• **Material provided**
════════
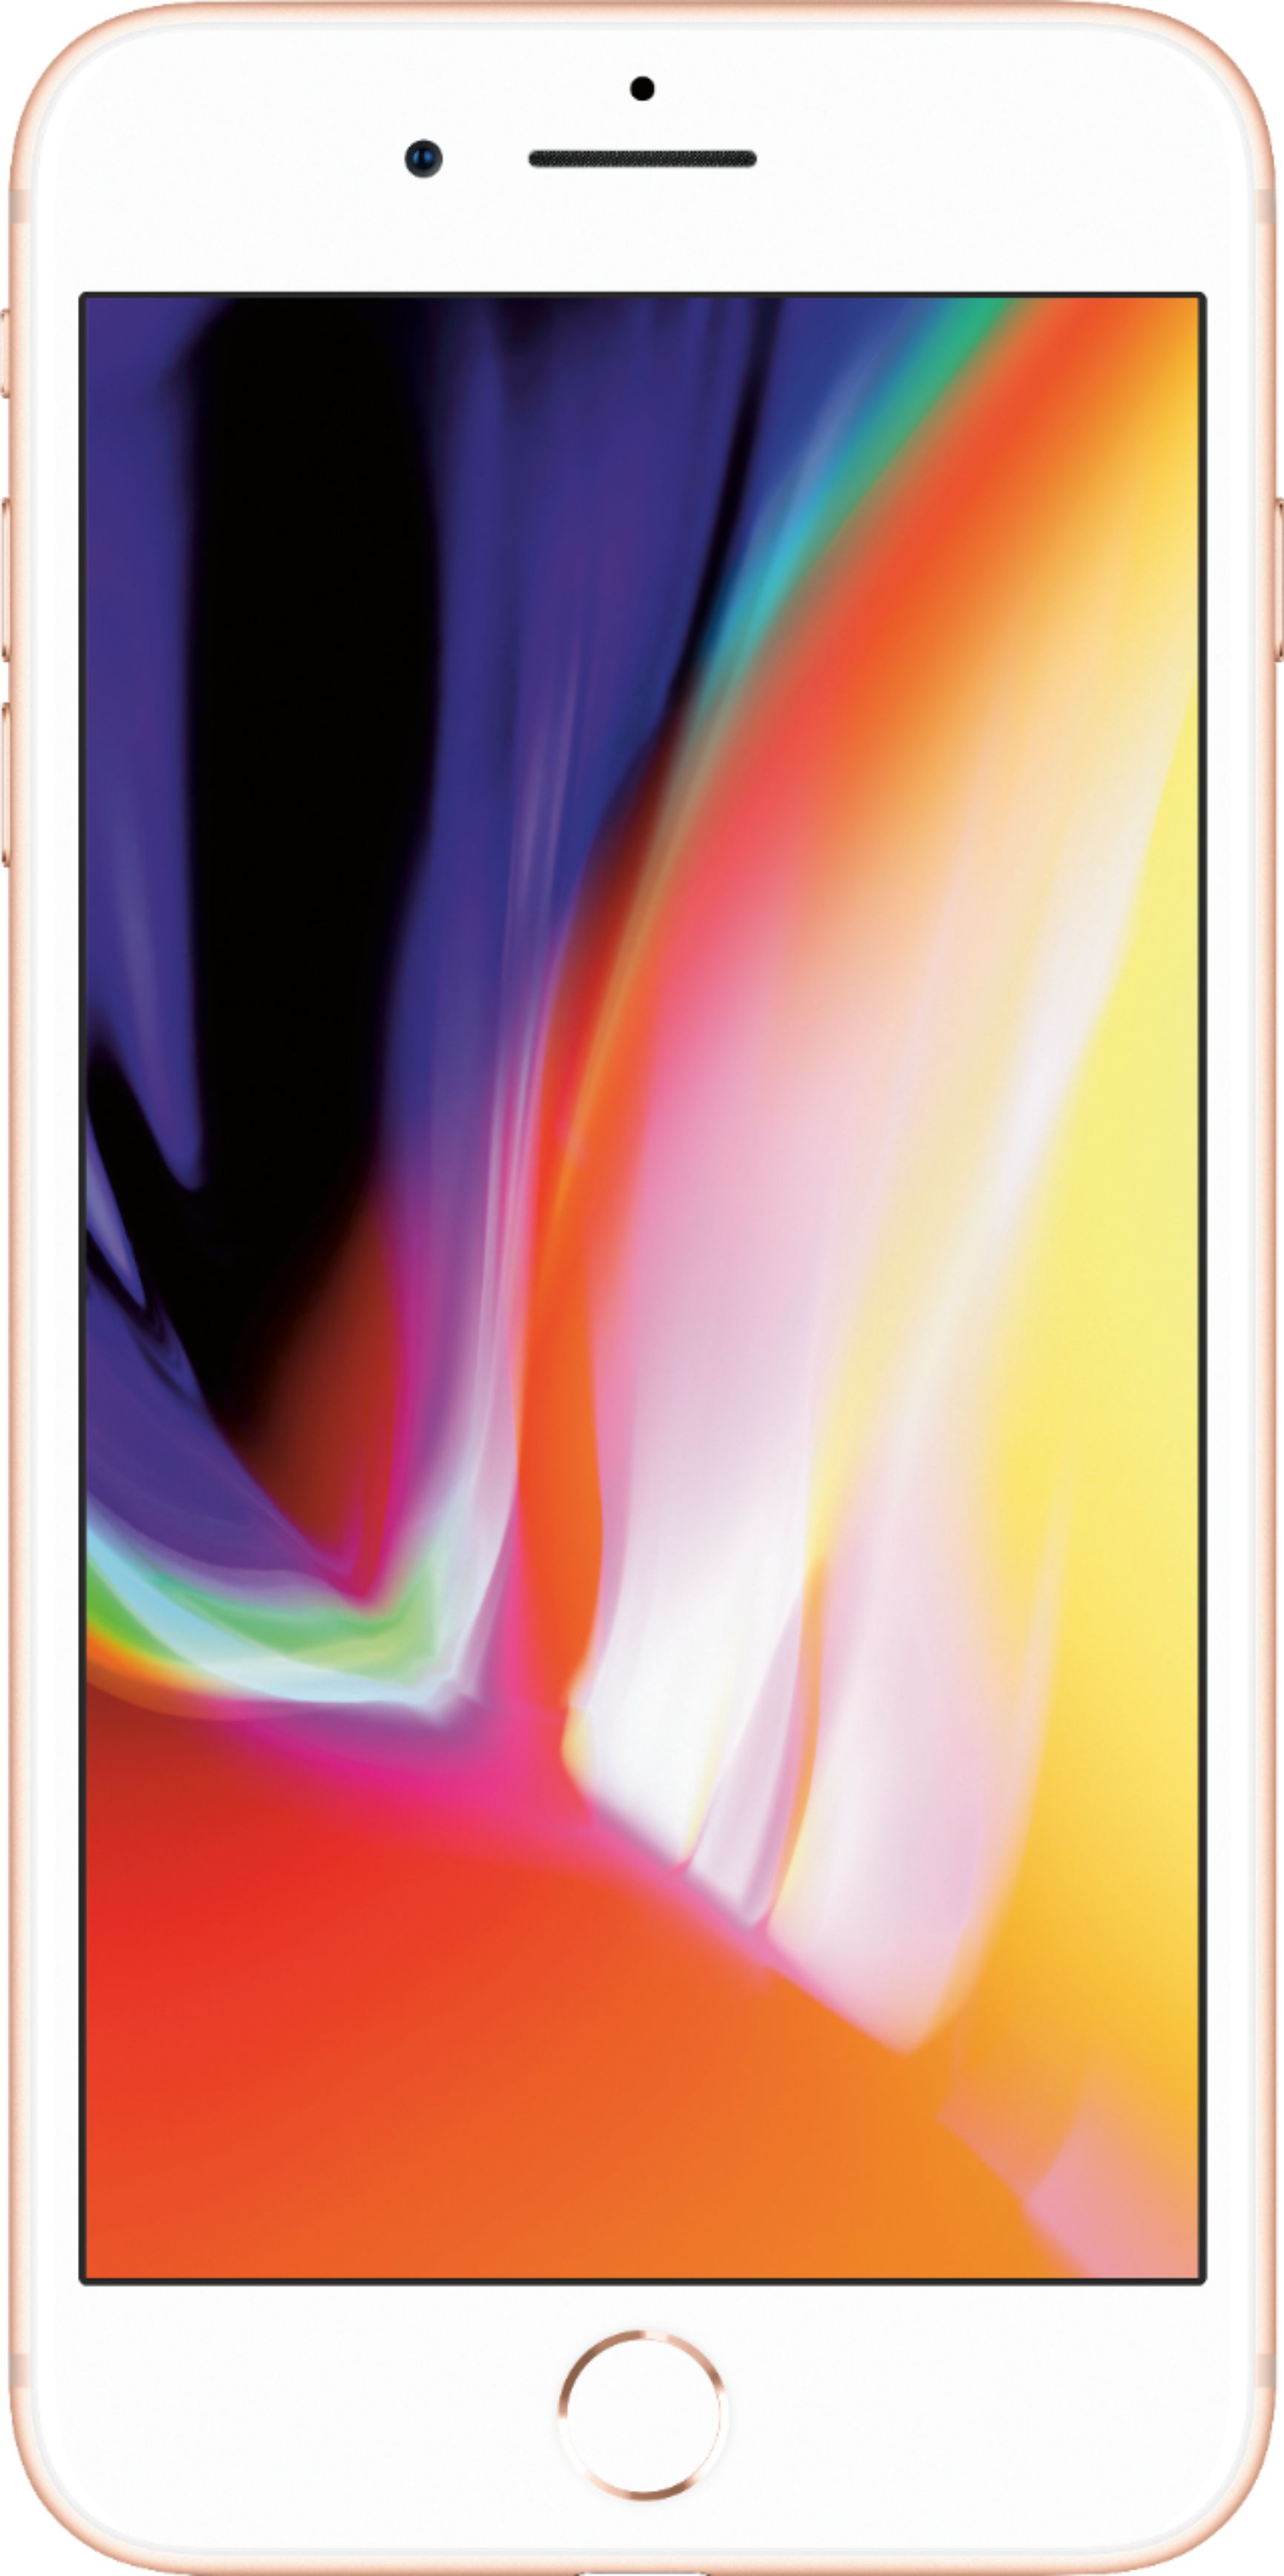 Apple iPhone 8 Plus 256GB Gold (AT&T) MQ8J2LL/A - Best Buy
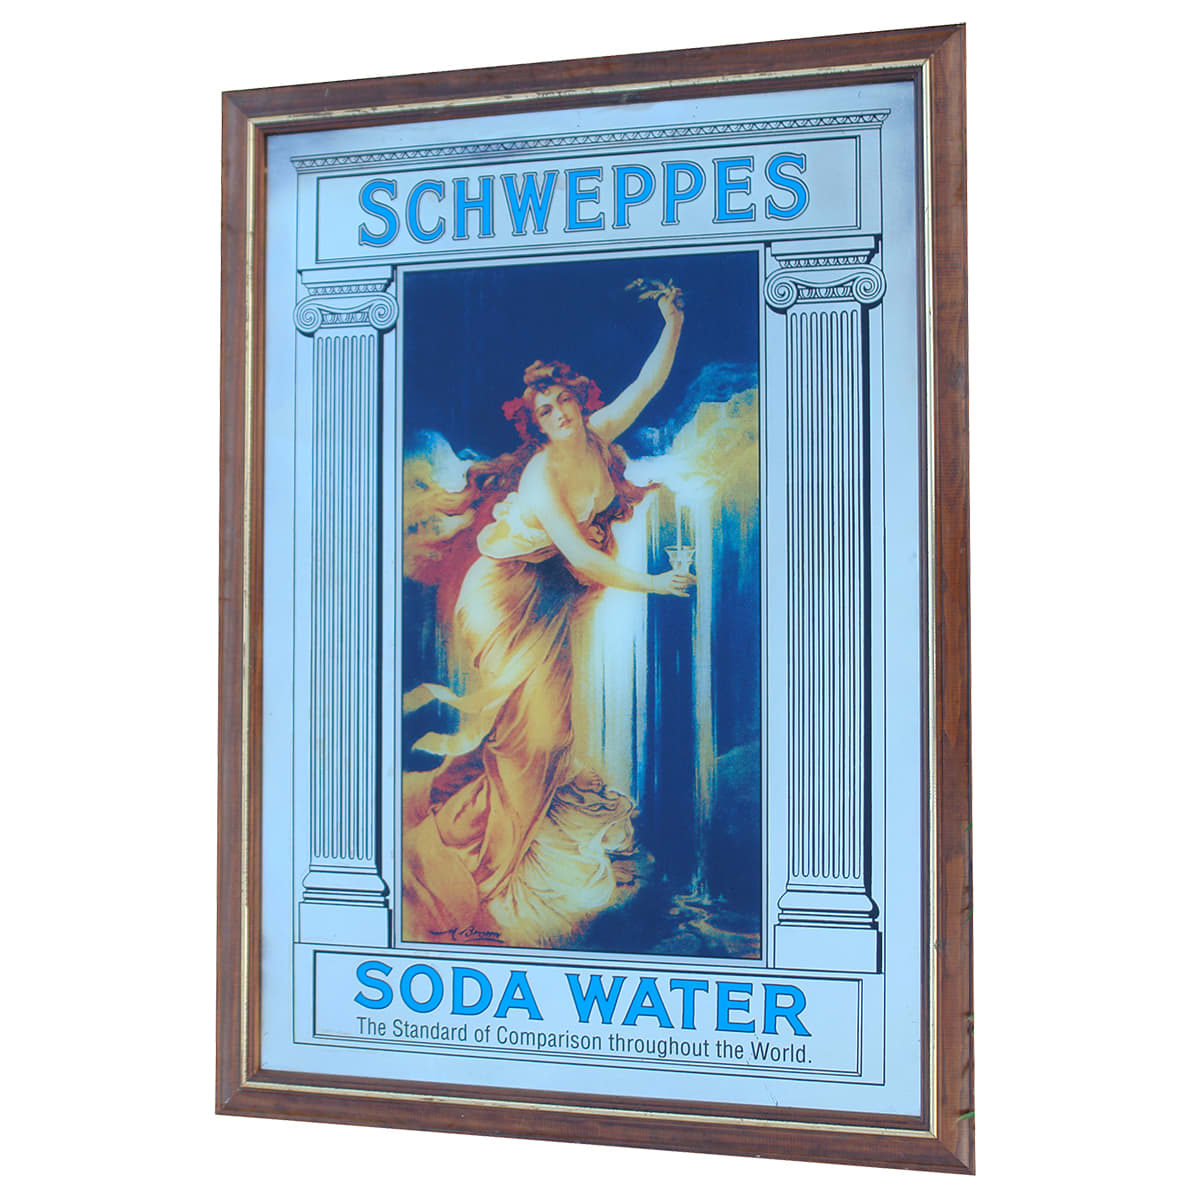 Mirror. Schweppes Soda Water. Woman/Goddess Pictorial. 1970s.
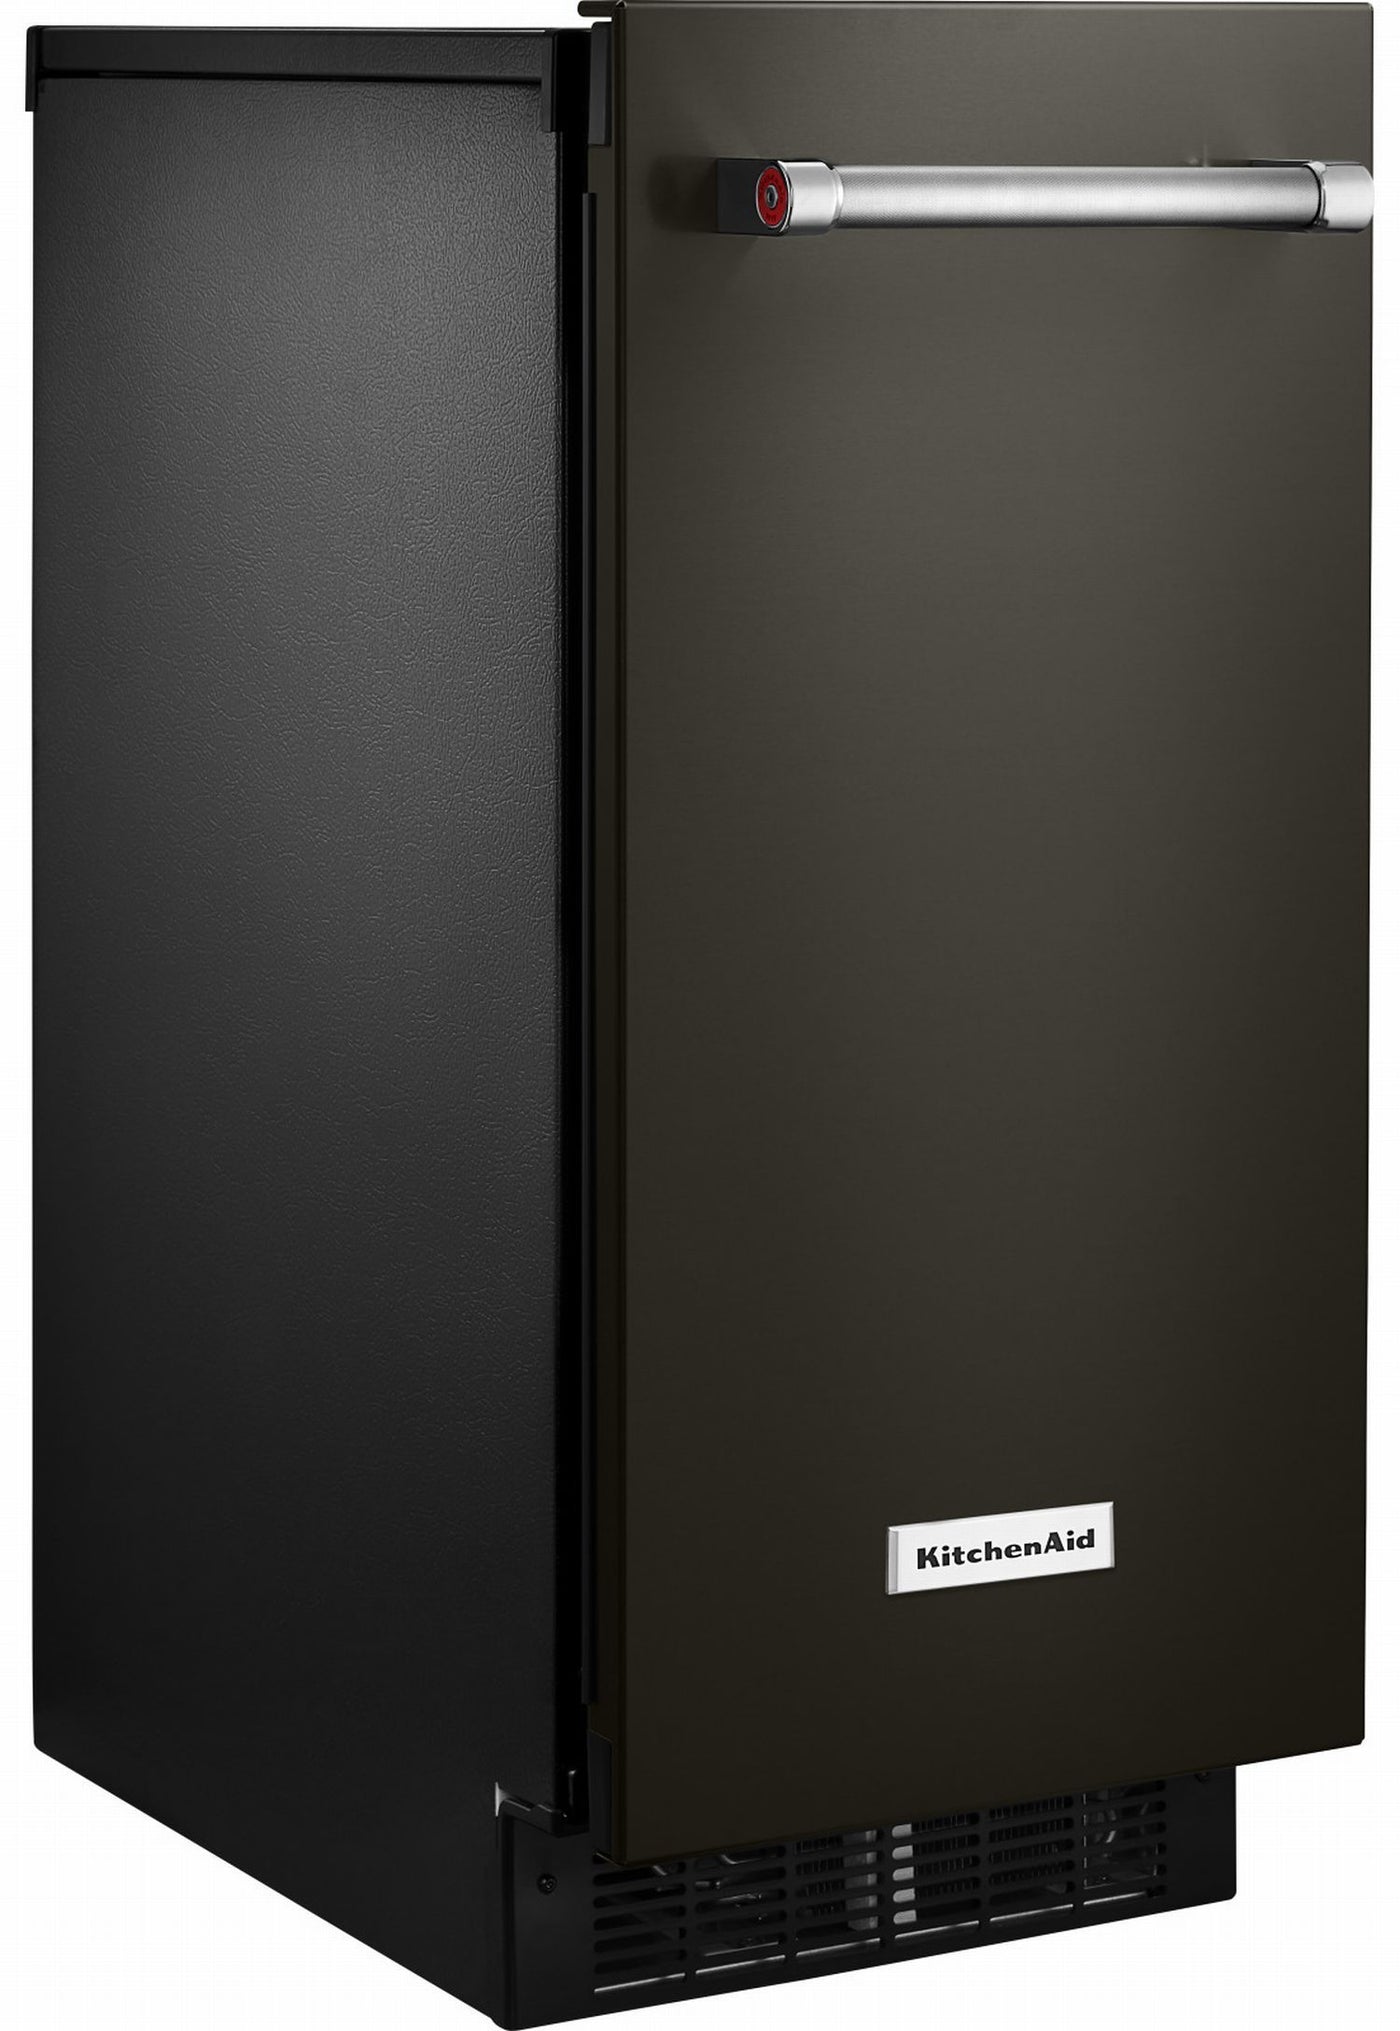 KitchenAid Black Stainless Steel with PrintShield 15" Automatic Ice Maker - KUIX535HBS
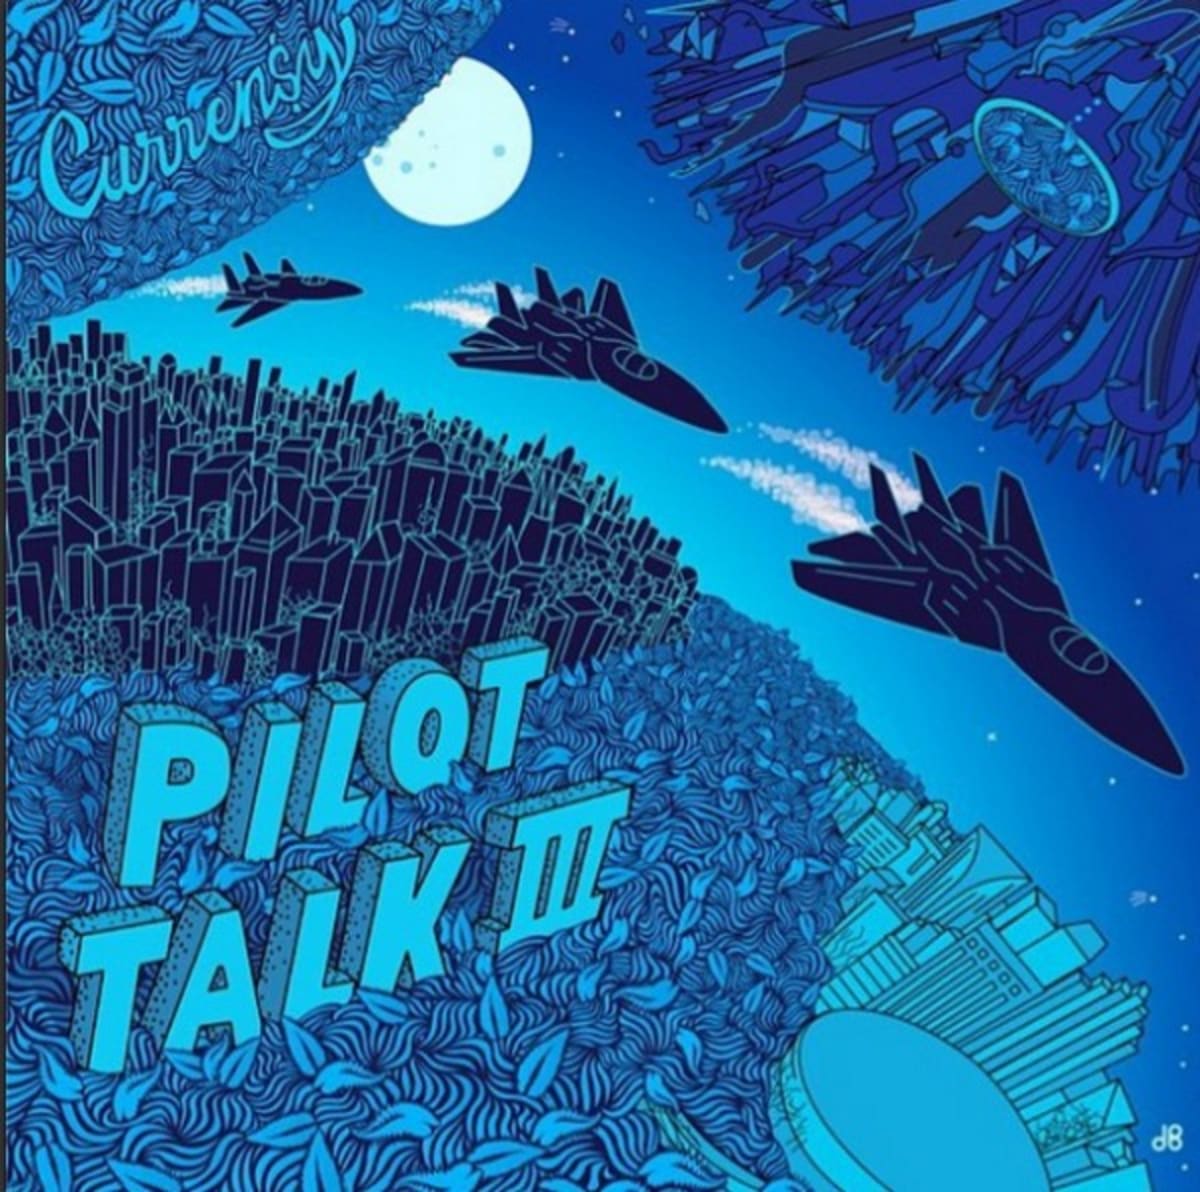 currensy pilot talk trilogy album
════════
All lines above are to be restated word for word, with pictures excluded.

 Apple iPhone 8 Plus 256GB Gold (AT&T) MQ8J2LL/A - Best Buy
 Mirror. Schweppes Soda Water. Woman/Goddess Pictorial. 1970s.
 KitchenAid Black Stainless Steel with PrintShield 15" Automatic Ice Maker - KUIX535HBS
 currensy pilot talk trilogy album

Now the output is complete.